The oldest version of the tale surviving is that titled "A Song of a Beggar and a King" in Richard Johnson's anthology Crown Garland of Goulden Roses (1612). This was the source of the ballad in the first edition of Francis J. Child's The English and Scottish Popular Ballads (1855), although it was removed from the second edition (1858). The ballad was also published in Thomas Percy's Reliques of Ancient English Poetry (1765).

The ballad was probably sung to the melody (air) of "I Often with My Jenny Strove", published first in the third volume of Henry Playford's The Banquet of Music (1689). In the first volume of the anonymous Collection of Old Ballads (1723), a ballad titled "Cupid's Revenge"—which is a mere paraphrase of "The King and the Beggar-maid"—appears set to the music of "I Often with My Jenny Strove". This may be the original air of the Cophetua ballad.

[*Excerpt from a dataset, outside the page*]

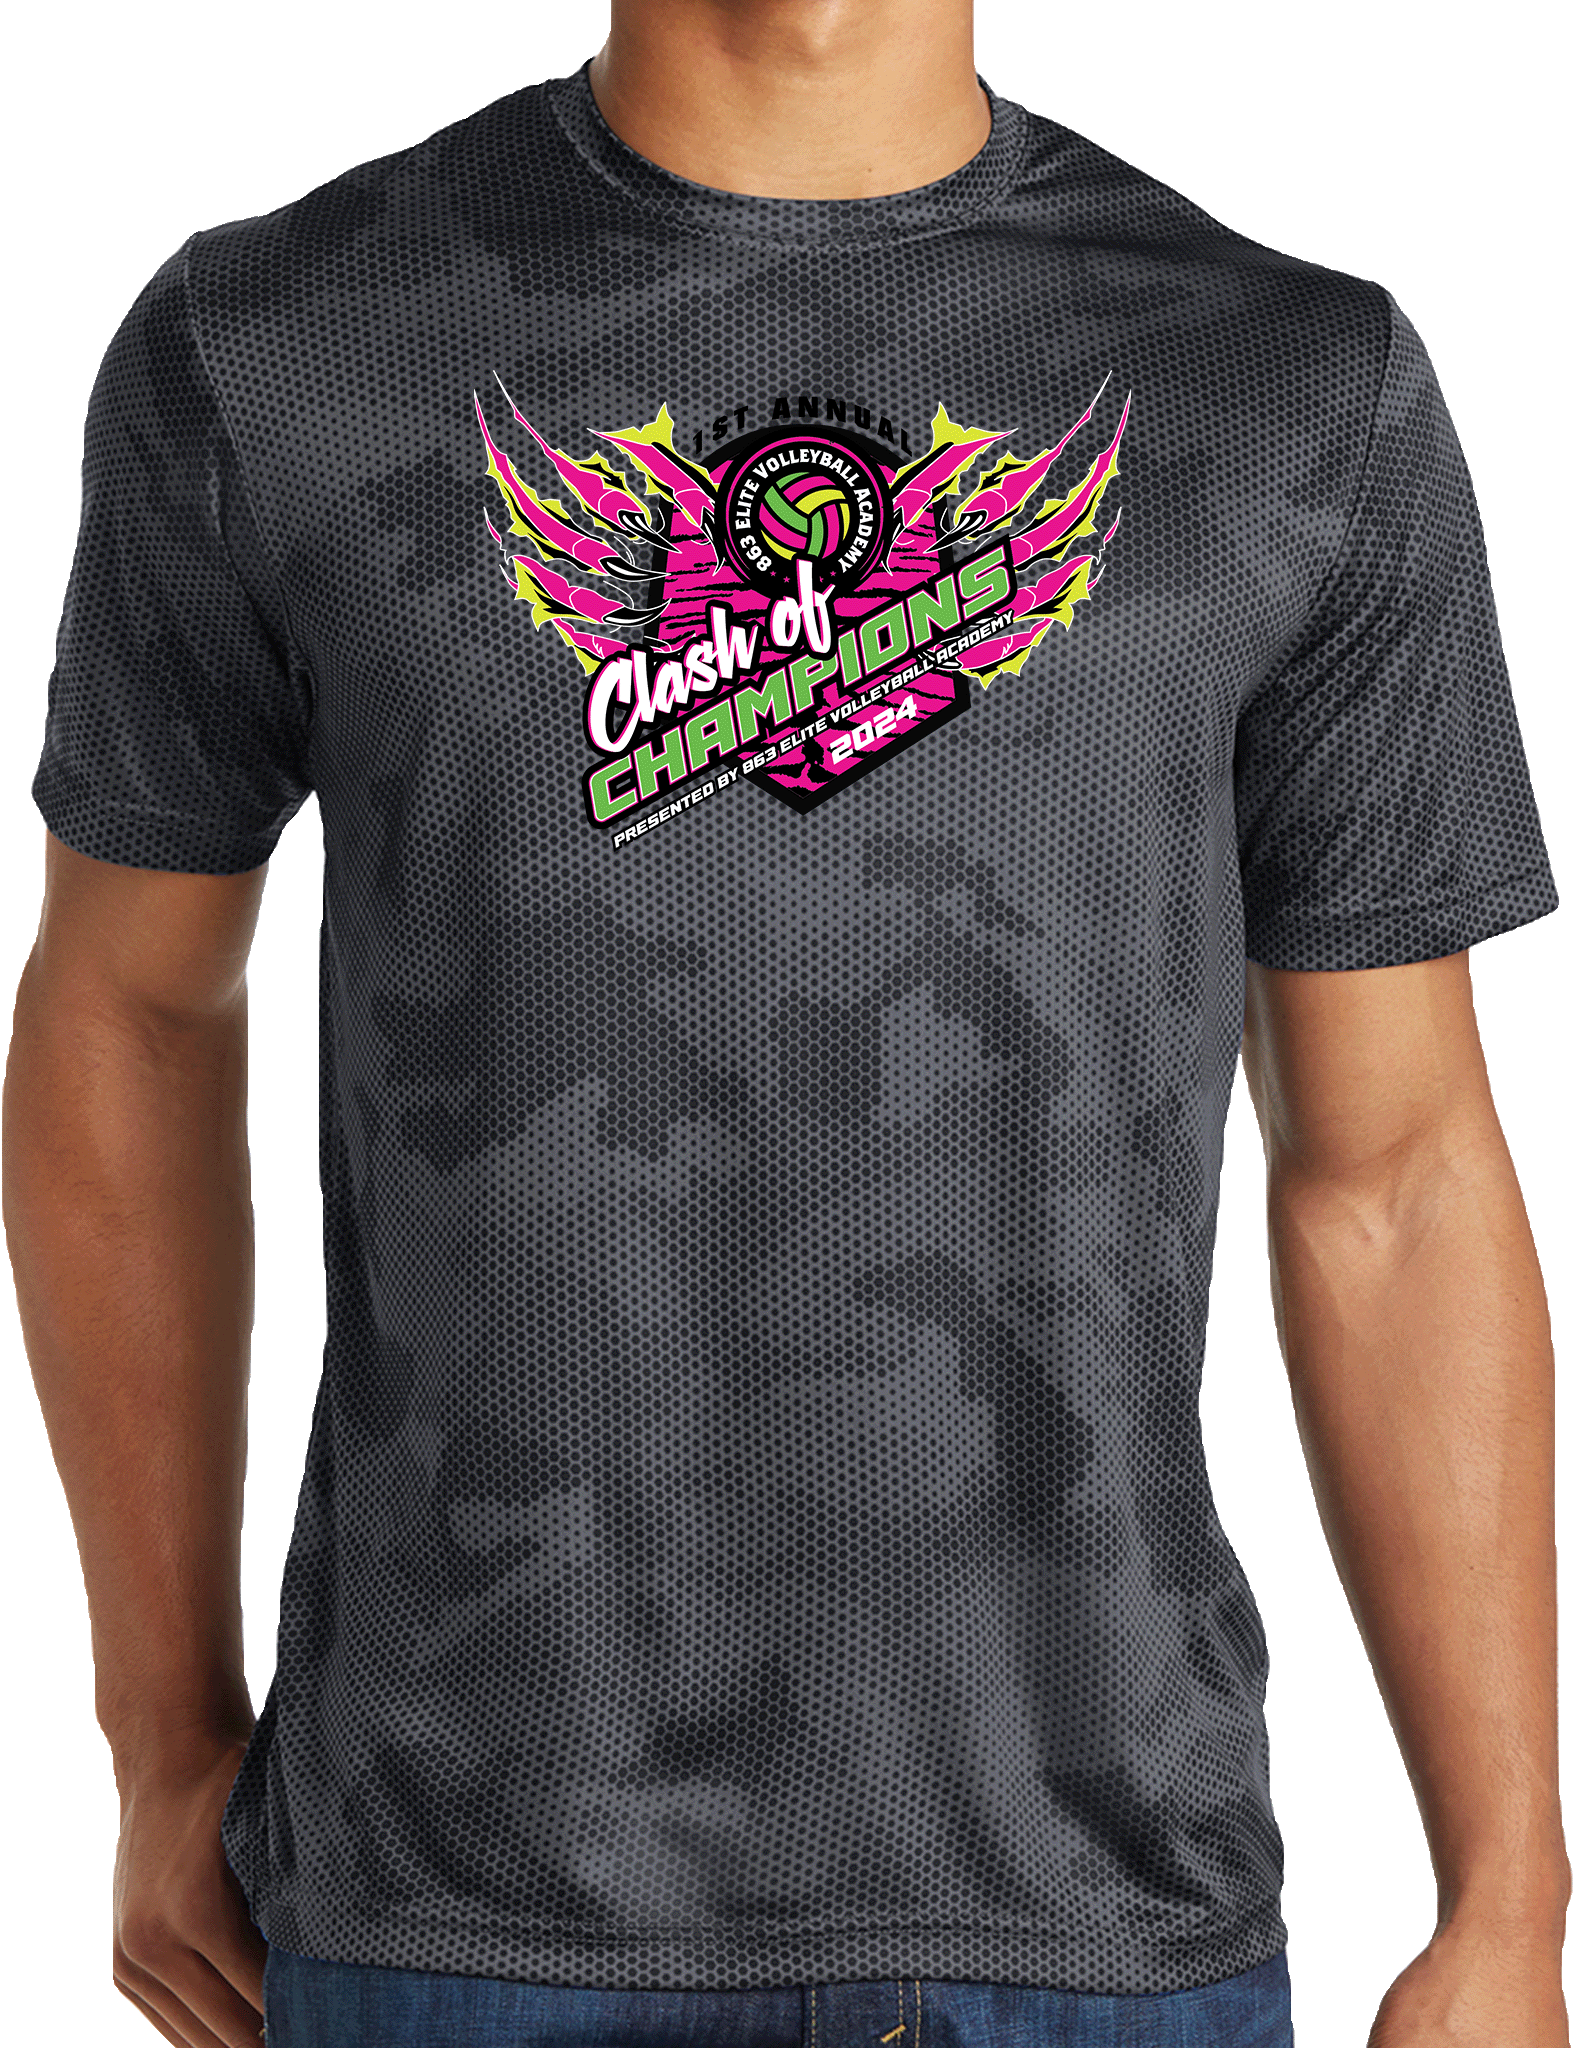 Performance Shirts - 2024 1ST ANNUAL CLASH OF CHAMPIONS

==In later art and literature==
===Major treatments===
The Cophetua story was famously and influentially treated in literature by Alfred, Lord Tennyson (The Beggar Maid, written 1833, published 1842); in oil painting by Daniel Maclise (King Cophetua and the Beggar Maid, 1869), (Edmund Blair Leighton (The King and the Beggar-Maid) and Edward Burne-JonesKing Cophetua and the Beggar Maid, 1884); and in photography by Julia Margaret Cameron and by Lewis Carroll (his most famous photograph; Alice as "Beggar-Maid", 1858). Tennyson's poem was set to music by Joseph Barnby (published 1880).

The painting by Burne-Jones is referred to in the prose poem König Cophetua by the Austrian poet Hugo von Hofmannsthal and in Hugh Selwyn Mauberley (1920), a long poem by Ezra Pound. The painting has a symbolic role in a short novel Le Roi Cophetua by the French writer Julien Gracq (1970). This in turn inspired the 1971 film Rendez-vous à Bray, directed by the Belgian cineaste André Delvaux.

The story was combined with and inflected the modern re-telling of the Pygmalion myth, especially in its treatment by George Bernard Shaw as the 1913 play Pygmalion, though Henry Higgins does not, in the play, display any romantic attraction to Eliza Doolittle whatsoever; thus, the parallel with the 'king and the beggar-maid' is not valid.

It has also been used to name a sexual desire for lower-class women by upper-class men. Although often attributed first to Graham Greene in his 1951 novel The End of the Affair, the term was used as early as 1913 by P.G.Wodehouse in his novel The Little Nugget, when Peter Burns reflects that ‘…I was King Cophetua. If I did not actually say…this beggar maid shall be my queen…’ and also in 1942 by Agatha Christie in her mystery The Body in the Library [NY: Collier, pp. 119-121] when Jane Marple reflects on the attraction of older wealthy men for young lower-class girls and in 1861 where Anthony Trollope referred to the story in Chapter XXXV of Framley Parsonage, his fourth novel of The Barchester Chronicles. Sir Henry Clithering in The Body in the Library dubs it a "Cophetua Complex."

Elizabeth Goudge refers to the story in her 1950 novel Gentian Hill (Book I "The Farm", Chapter III, Part I, p 37) in relation to the impetuous springtime mating of an aristocratic hound with a beautiful sheepdog, explaining the mixed-parentage and character of their surviving puppy.

The English poet and critic James Reeves included his poem "Cophetua", inspired by the legend, in his 1958 book The Talking Skull.

Hugh Macdiarmid wrote a brief two-verse poem Cophetua in Scots, which is a slightly parodic treatment of the story.

Polish composer Ludomir Rózycki wrote a symphonic poem "Król Cophetua", Op. 24, in 1910.

Alice Munro titled one story in her 1980 collection, "The Beggar Maid". Before her marriage to Patrick, Rose is told by him: "You're like the Beggar Maid." "Who?" "King Cophetua and the Beggar Maid. You know. The painting." The American edition of Munro's collection is also titled The Beggar Maid, a change from the Canadian title, Who Do You Think You Are?